- [Dataset content]
□ □ □ □
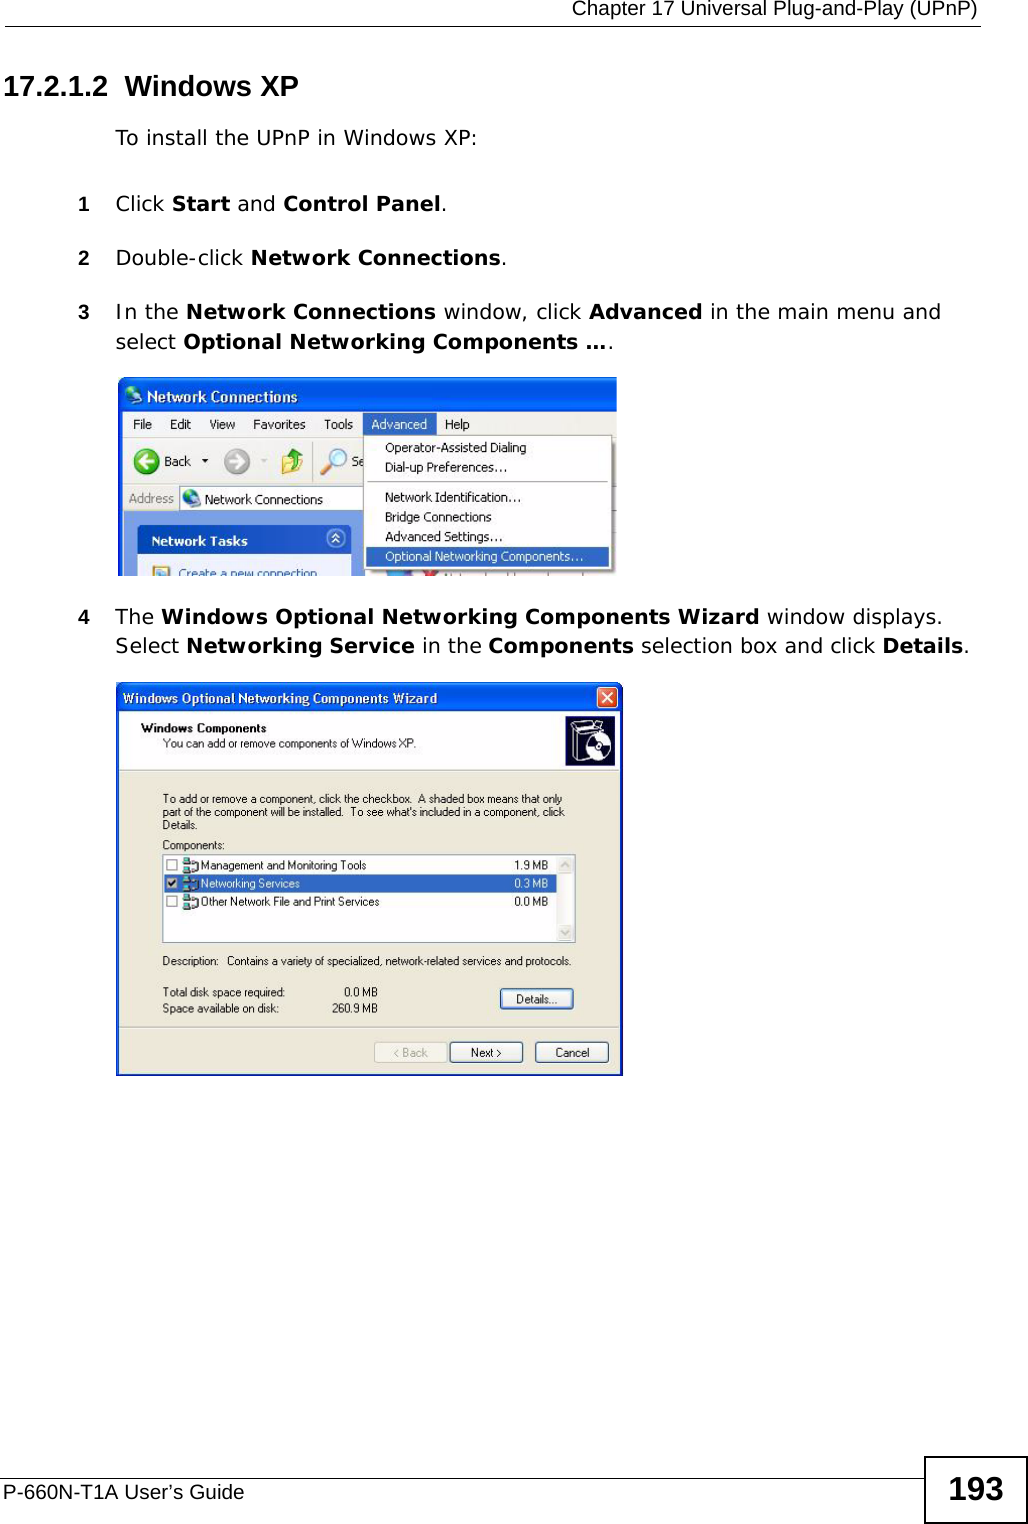  Chapter 17 Universal Plug-and-Play (UPnP)P-660N-T1A User’s Guide 19317.2.1.2  Windows XPTo install the UPnP in Windows XP:1Click Start and Control Panel. 2Double-click Network Connections.3In the Network Connections window, click Advanced in the main menu and select Optional Networking Components …. Network Co nnections4The Windows Optional Networking Components Wizard window displays. Select Networking Service in the Components selection box and click Details. Windows Optional Networking Components Wizard
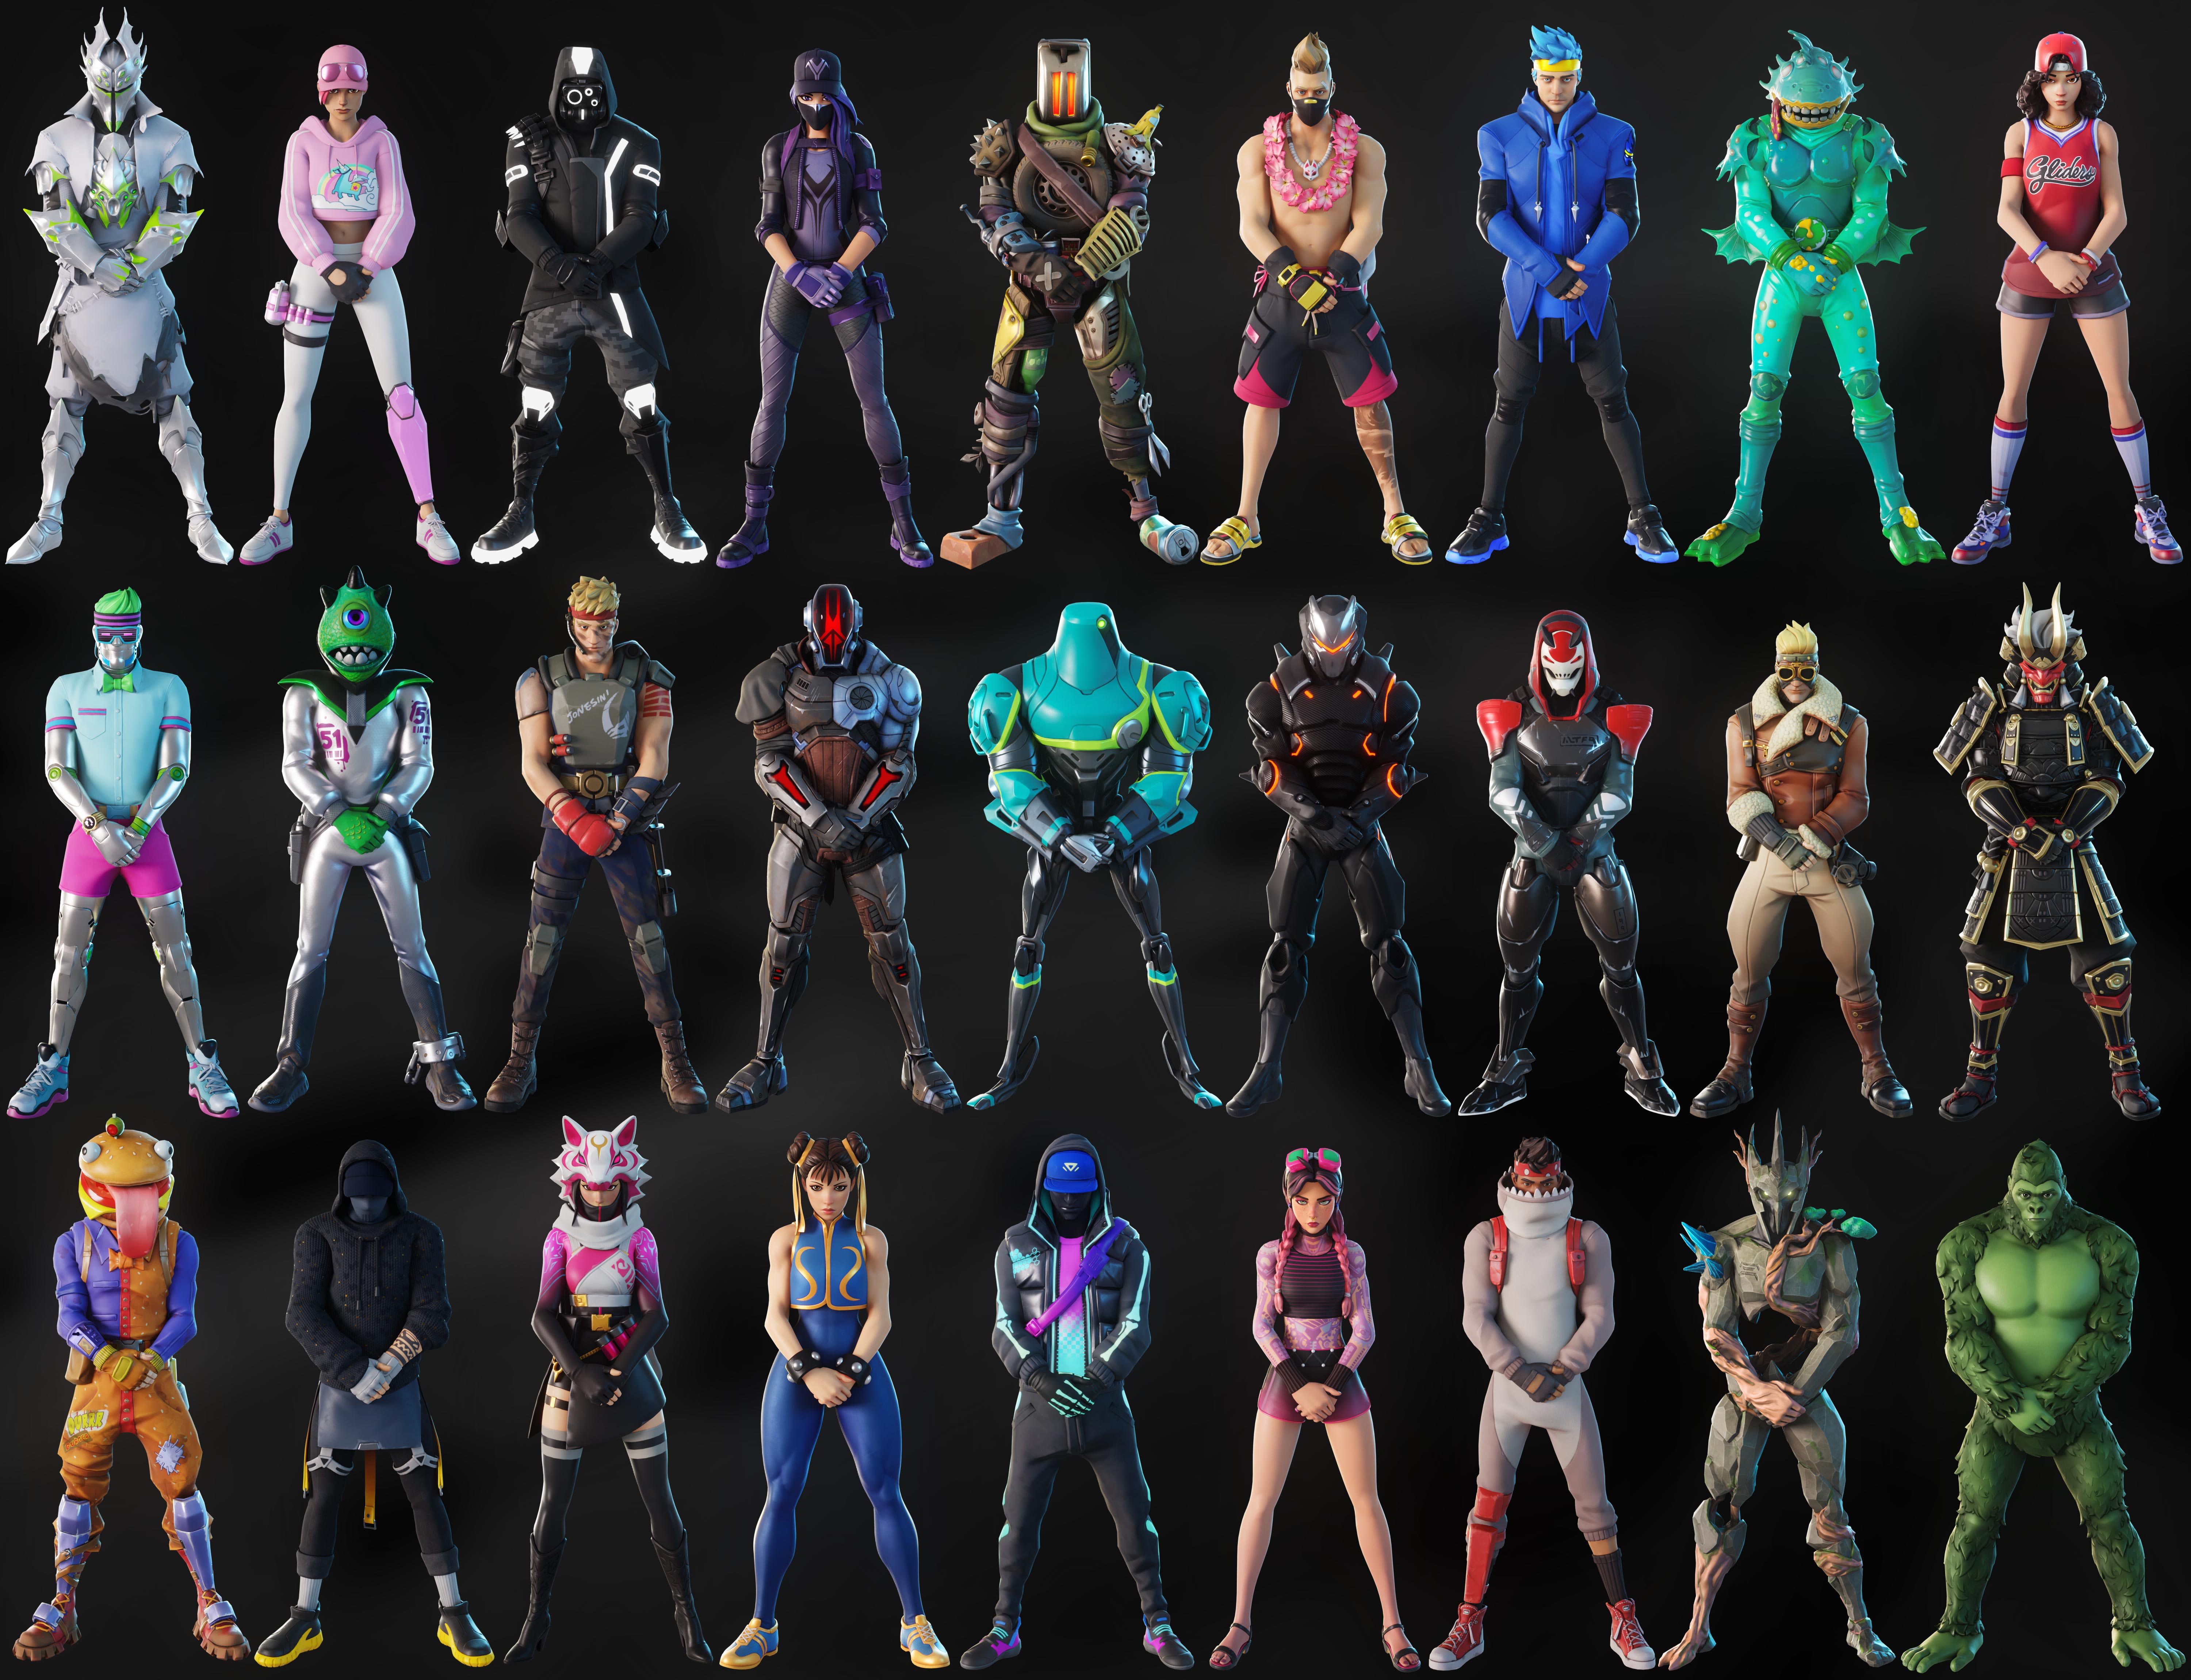 Made a stupid drip collage with some skins people requested
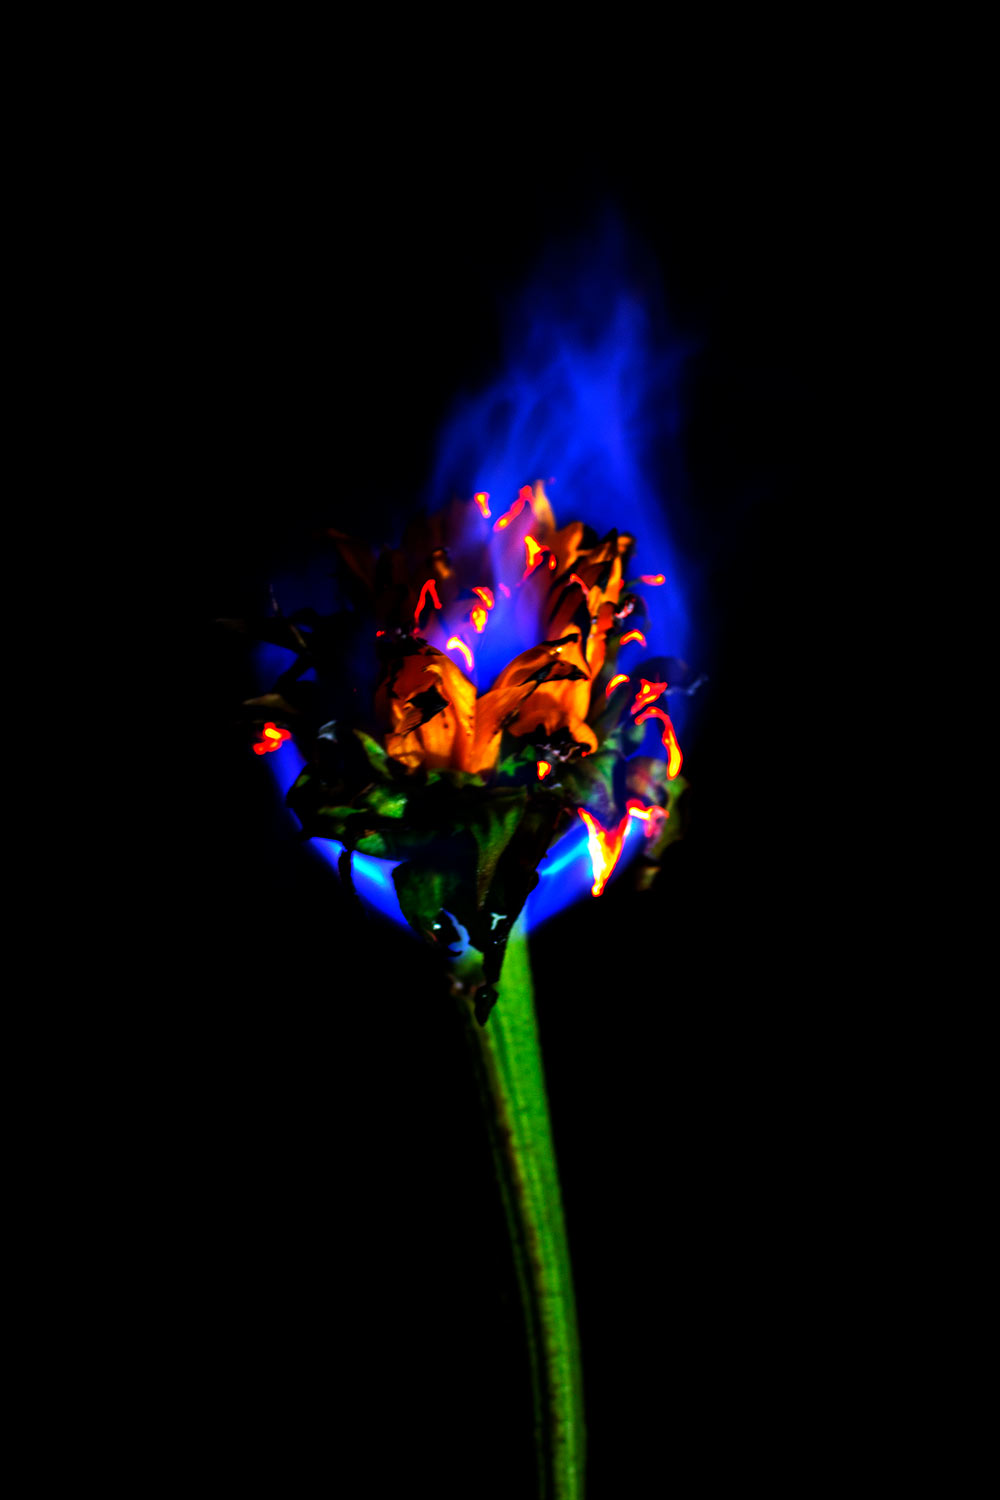 orange flower on fire with blue flame on black background
□ □ □ □
- [Directions]
Print every line of the data exactly. Pictures do not belong in the copy.

- [Result of the exercise]
  Chapter 17 Universal Plug-and-Play (UPnP)P-660N-T1A User’s Guide 19317.2.1.2  Windows XPTo install the UPnP in Windows XP:1Click Start and Control Panel. 2Double-click Network Connections.3In the Network Connections window, click Advanced in the main menu and select Optional Networking Components …. Network Co nnections4The Windows Optional Networking Components Wizard window displays. Select Networking Service in the Components selection box and click Details. Windows Optional Networking Components Wizard
 Made a stupid drip collage with some skins people requested
 orange flower on fire with blue flame on black background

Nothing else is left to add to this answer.